Wireless Energy Transmission Channel Modeling in Resonant Beam Charging for IoT Devices

TL;DR

This paper models the wireless energy transmission channel in resonant beam charging (RBC) to determine its maximum operational distance and efficiency, providing design guidelines for powering IoT devices wirelessly over meters.

Contribution

It introduces a detailed energy transmission channel model for RBC, analyzing its operational limits and efficiency, which is novel for optimizing wireless power transfer for IoT.

Findings

RBC can deliver multi-Watt power over multi-meter distances.

Operational conditions determine maximum transmission distance.

Efficiency analysis guides system design improvements.

Abstract

Power supply for Internet of Things (IoT) devices is one of the bottlenecks in IoT development. To provide perpetual power supply to IoT devices, resonant beam charging (RBC) is a promising safe, long-range and high-power wireless power transfer solution. How long distance can RBC reach and how much power can RBC transfer?

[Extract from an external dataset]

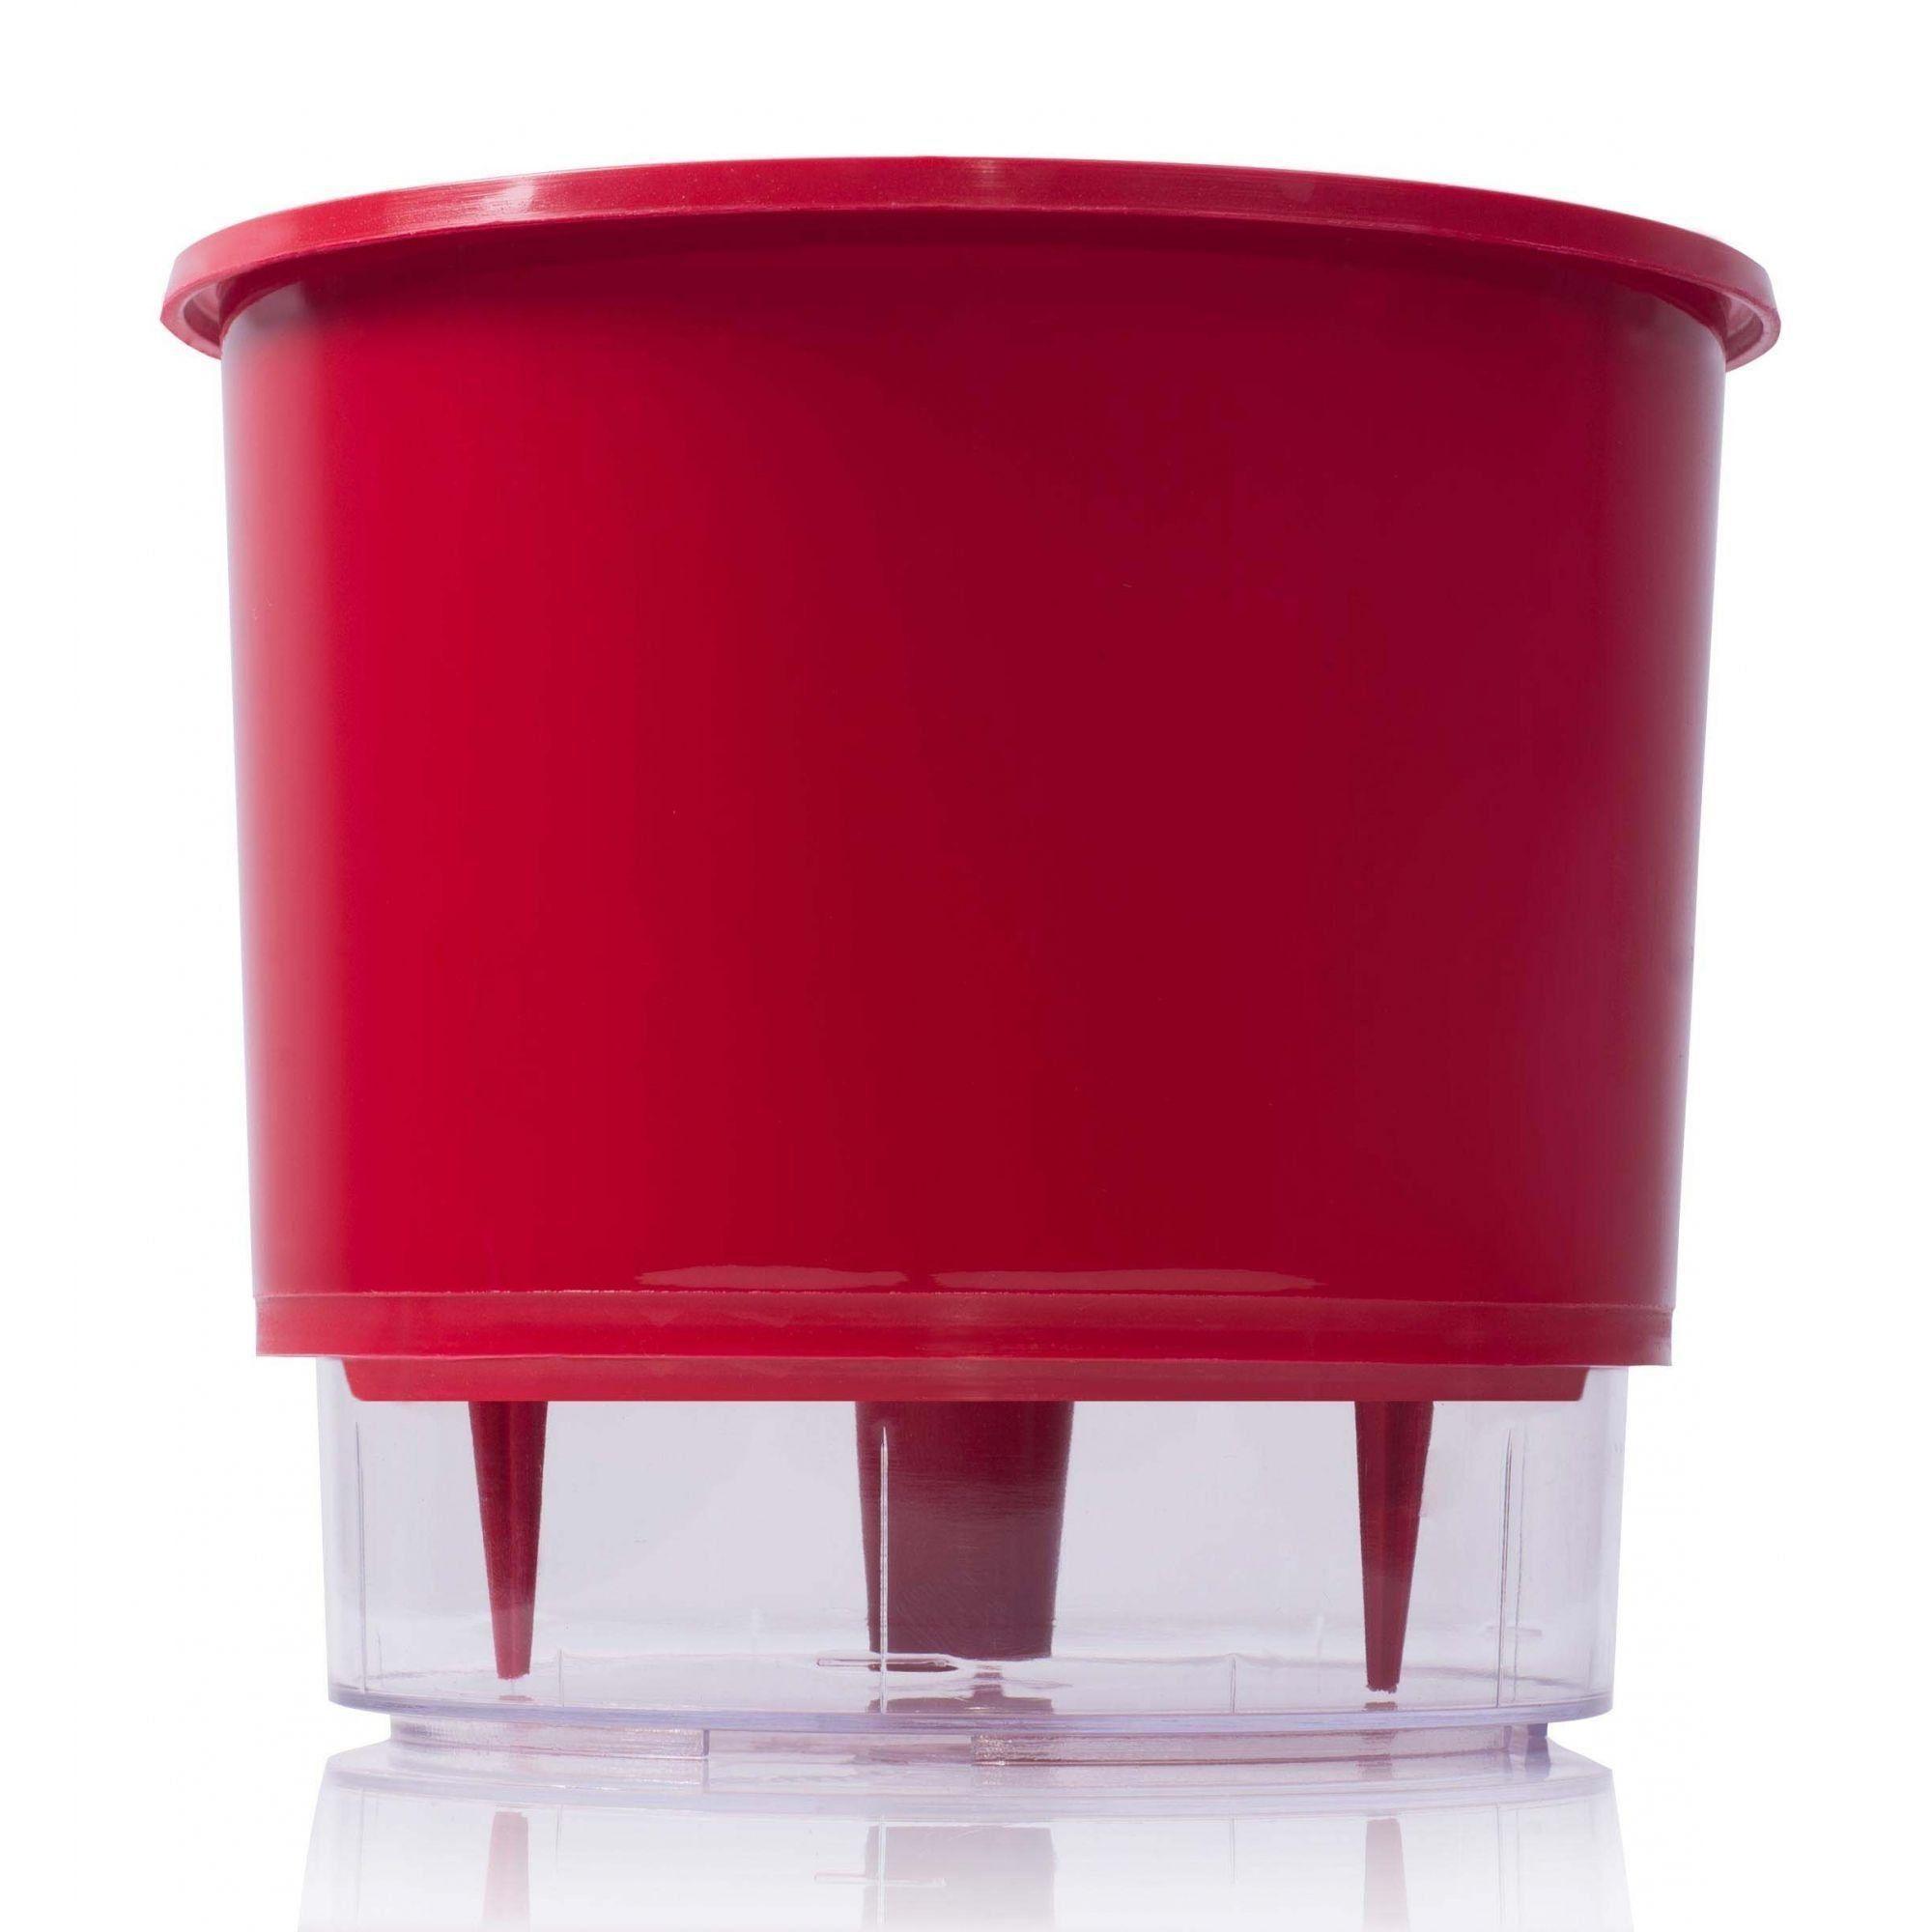 Vaso Autoirrigável Grande 21,5cm x 18cm Vermelho
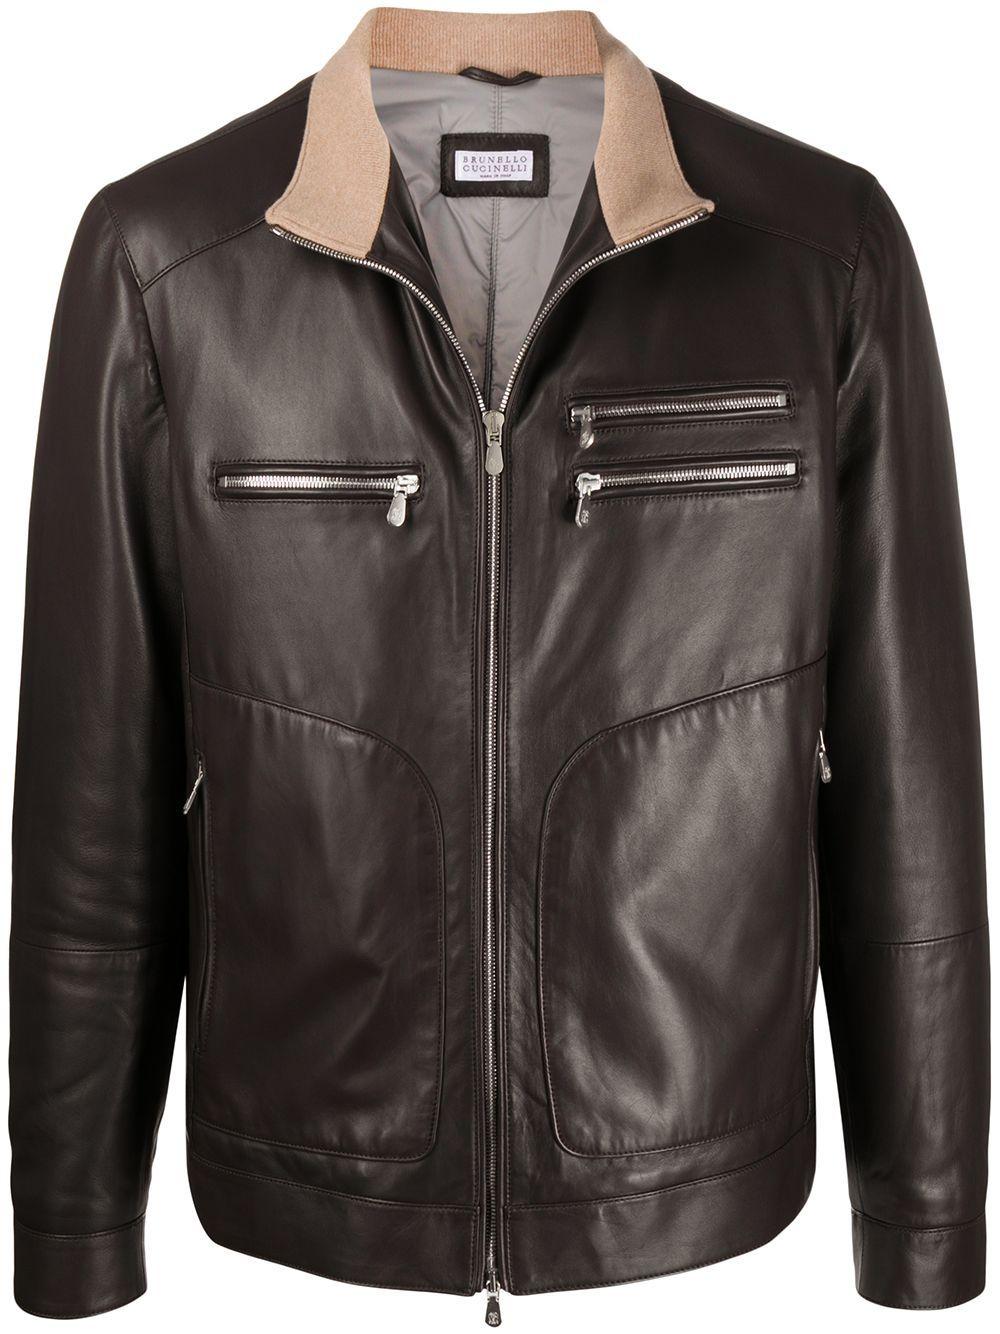 Brunello Cucinelli Padded Leather Jacket Farfetch Leather Jacket Jackets Brown Leather Jacket [ 1334 x 1000 Pixel ]

In this paper, we analyze the RBC's consistent and steady operational conditions, which determine the maximum power transmission distance. Moreover, we study the power transmission efficiency within the operational distance, which determines the deliverable power through the RBC energy transmission channel. Based on this energy transmission channel modeling, we numerically evaluate its impacts on the RBC system performance in terms of the transmission distance, the transmission efficiency, and the output electrical power. The analysis leads to the guidelines for the RBC system design and implementation, which can deliver multi-Watt power over multi-meter distance wirelessly for IoT devices.